• _WHAT THIS TASK INVOLVES_:
Below is a listing. Return the lines from the one that contains "Amelia Sposa 2017" to the one that contains "Newseum exterior, Washington DC", both ends included, verbatim and with no pictures.

• _EXTRACTED DATA_:
----

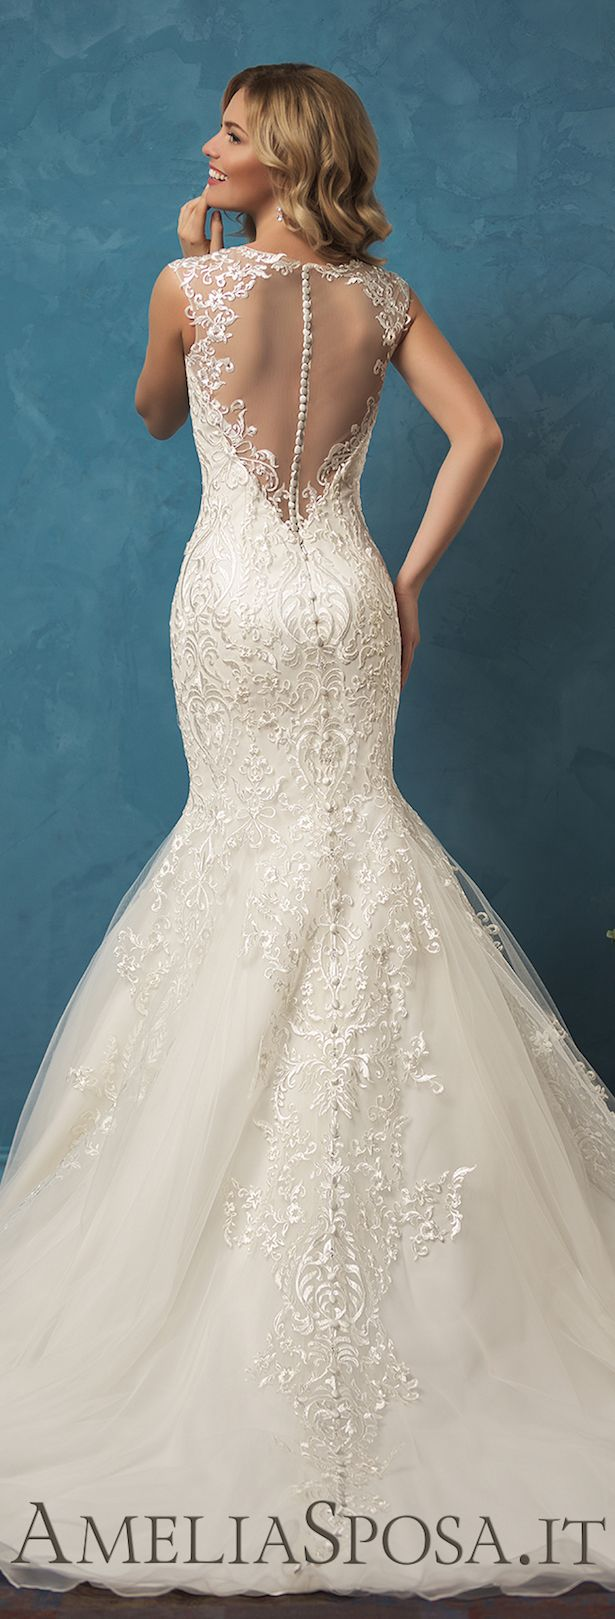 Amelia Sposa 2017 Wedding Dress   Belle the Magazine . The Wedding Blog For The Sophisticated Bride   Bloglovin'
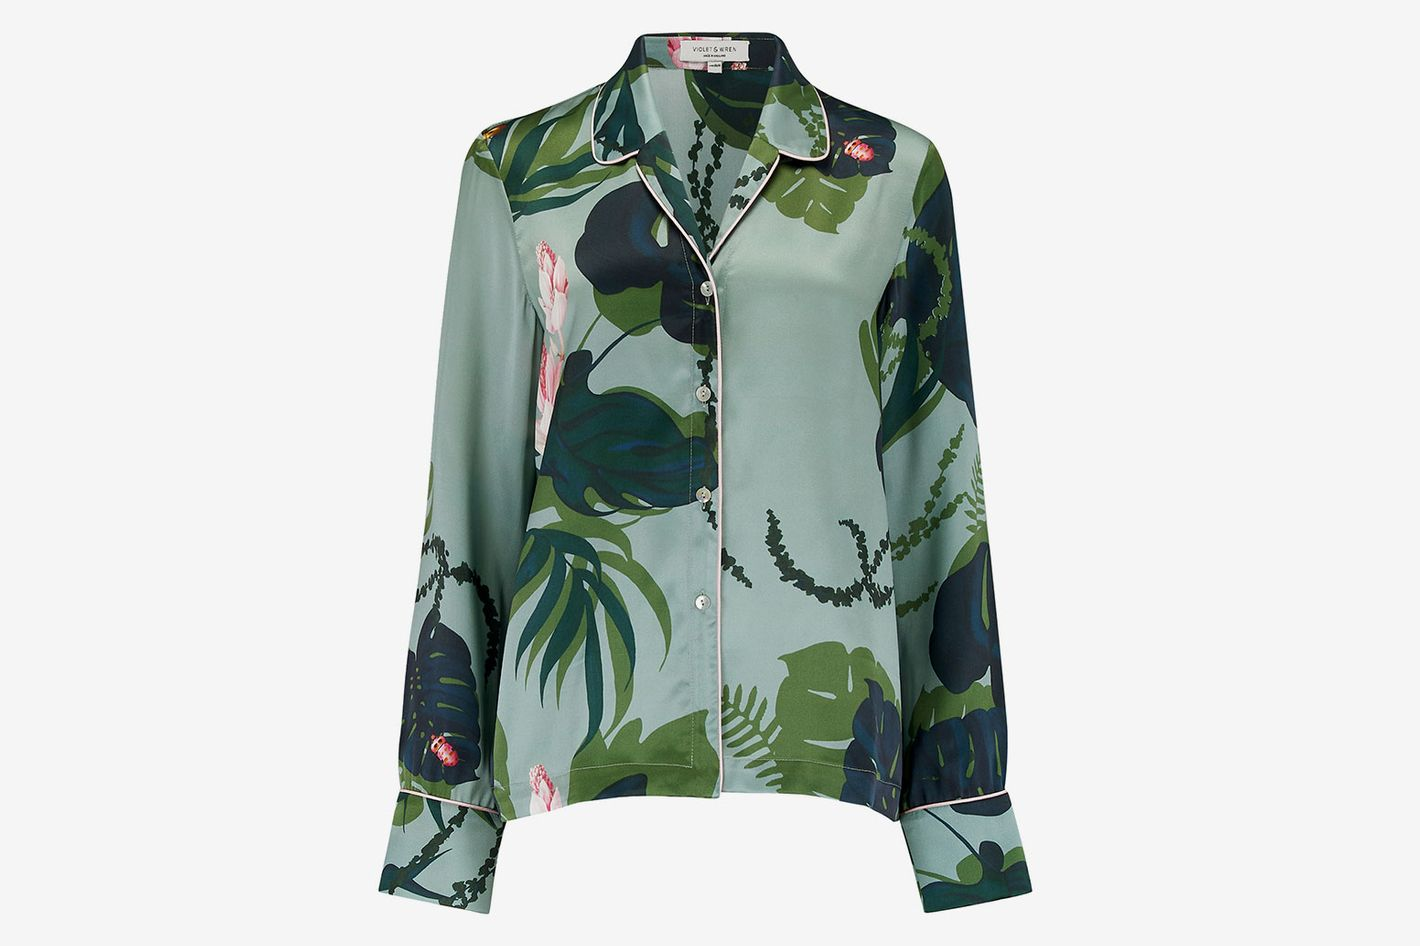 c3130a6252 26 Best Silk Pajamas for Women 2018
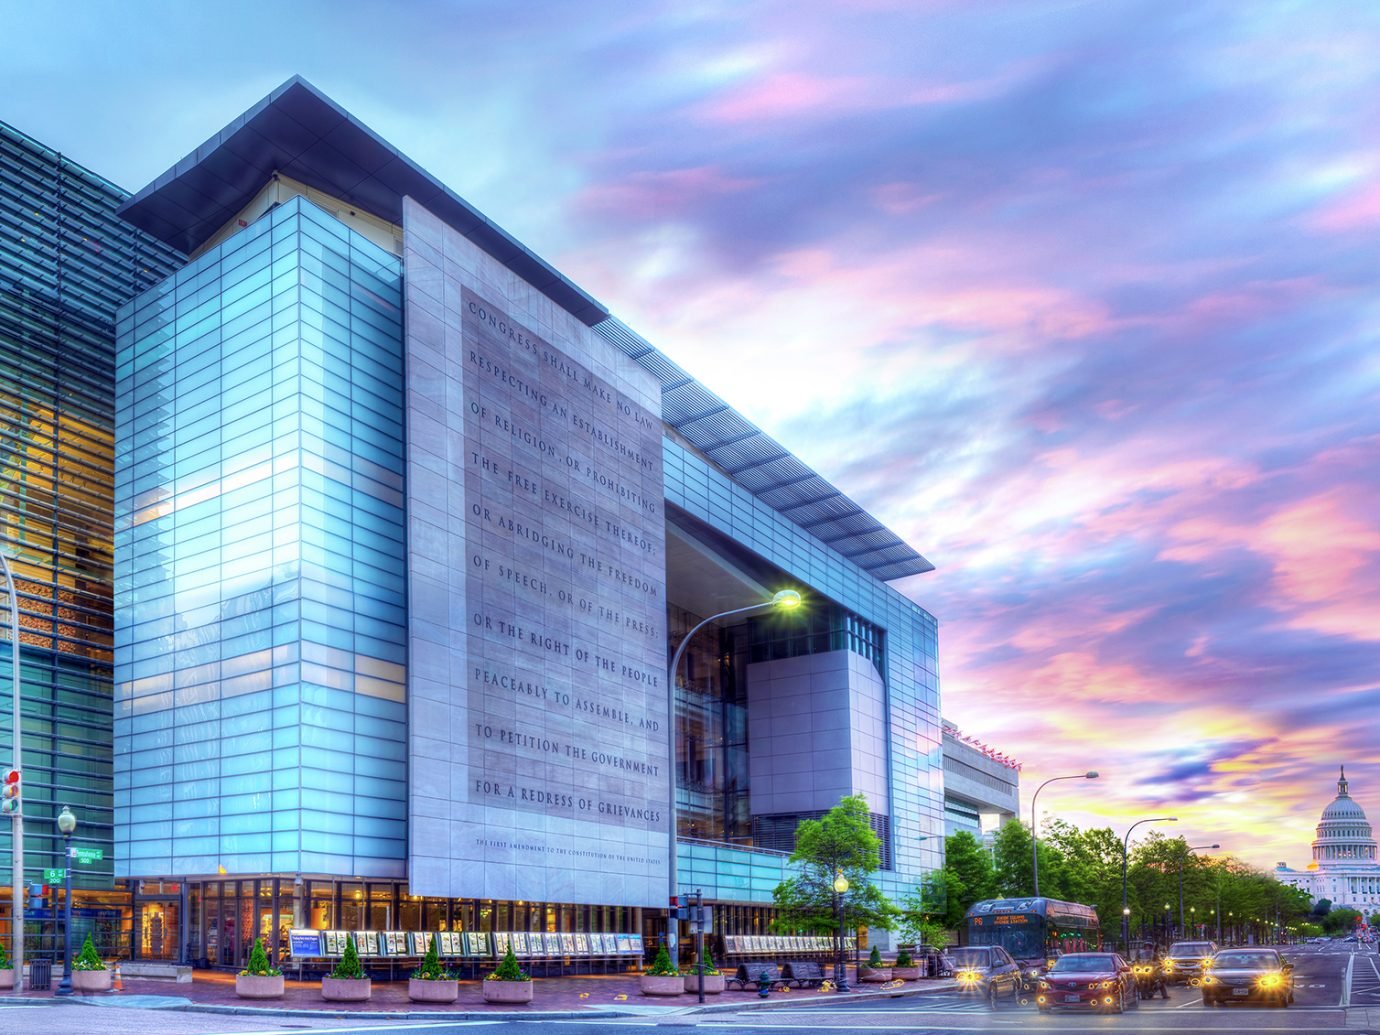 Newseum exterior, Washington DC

----

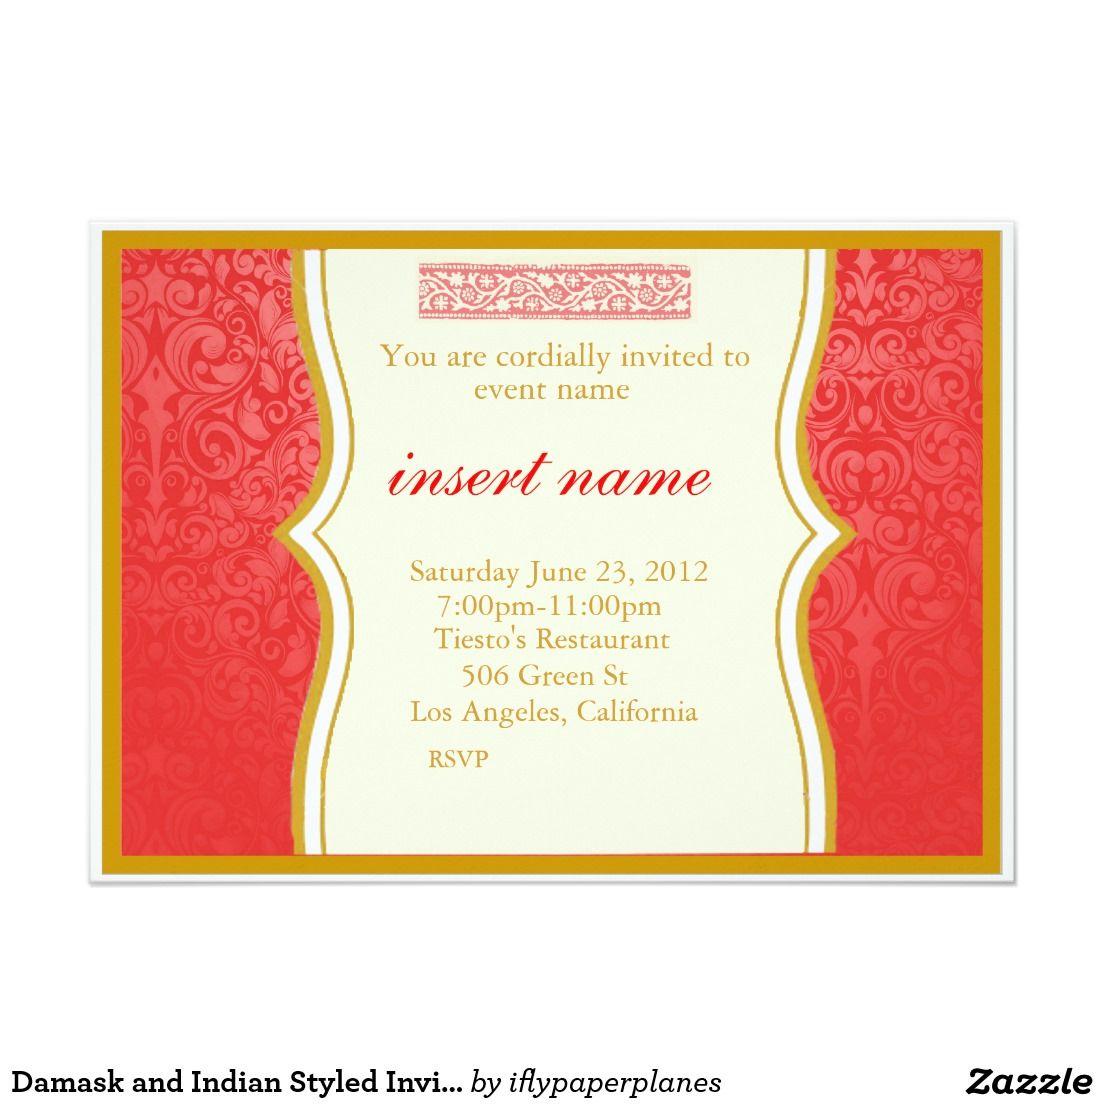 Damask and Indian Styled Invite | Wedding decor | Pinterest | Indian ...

----

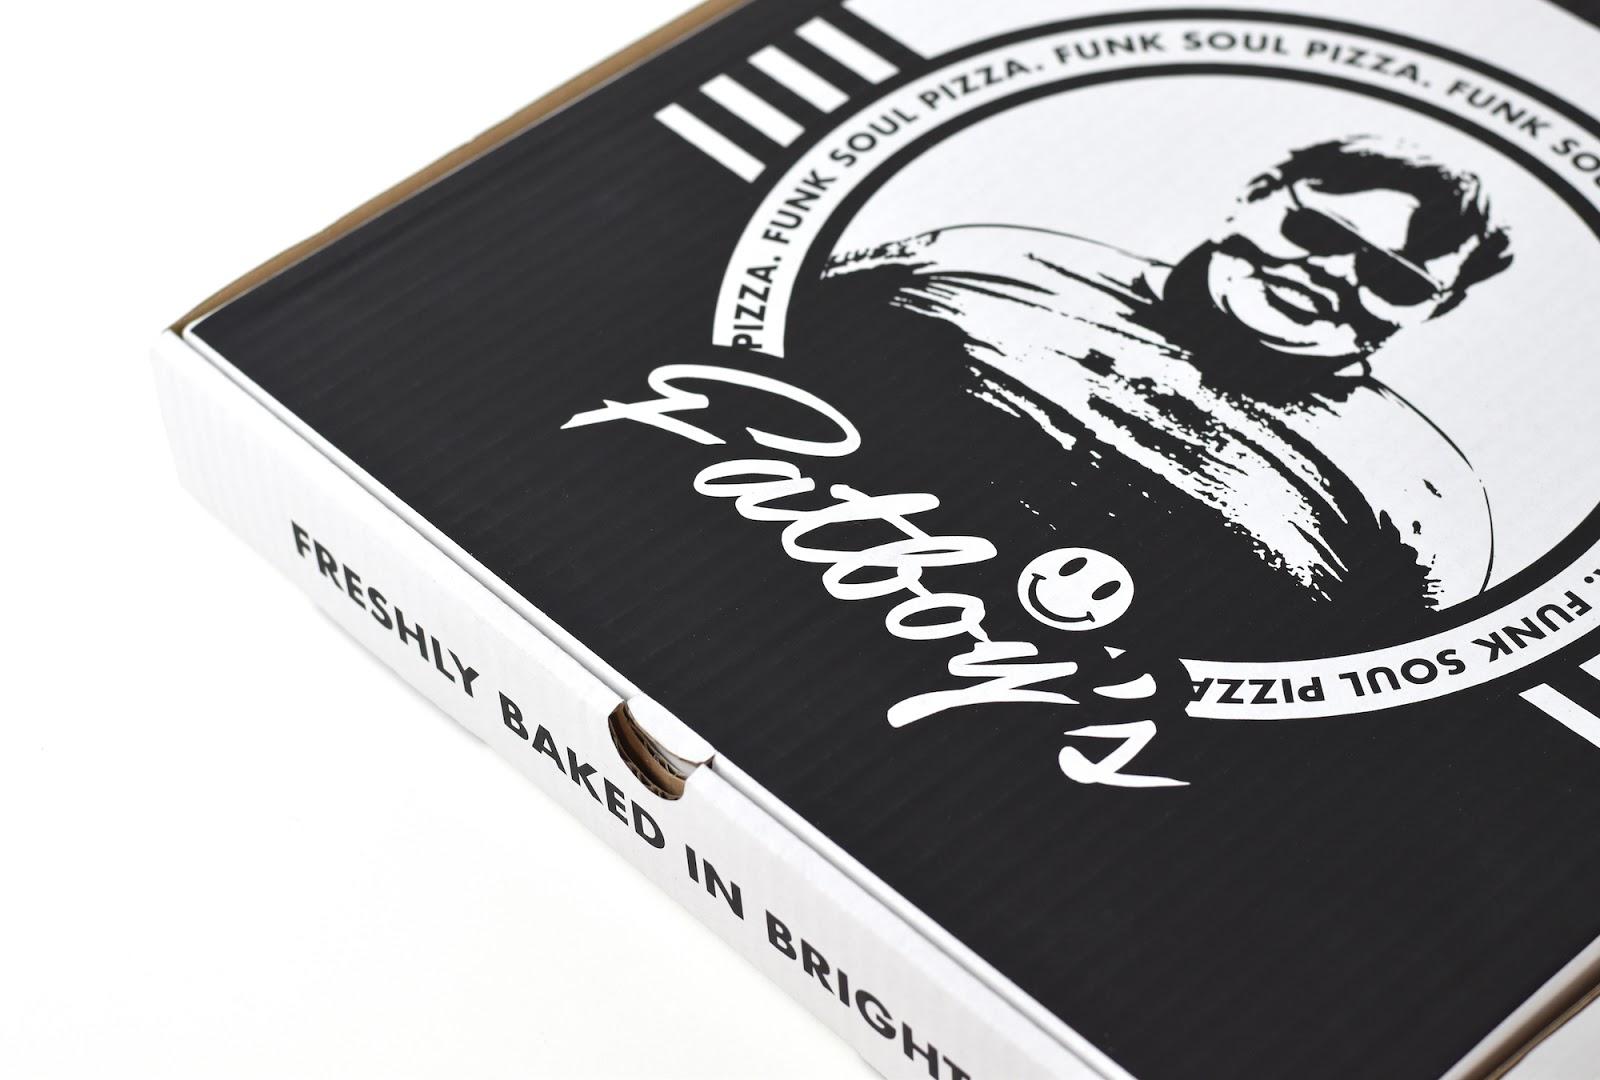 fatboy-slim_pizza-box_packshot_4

----

• _RESULT FOR THIS EXERCISE_:
 Amelia Sposa 2017 Wedding Dress   Belle the Magazine . The Wedding Blog For The Sophisticated Bride   Bloglovin'
 c3130a6252 26 Best Silk Pajamas for Women 2018
 Newseum exterior, Washington DC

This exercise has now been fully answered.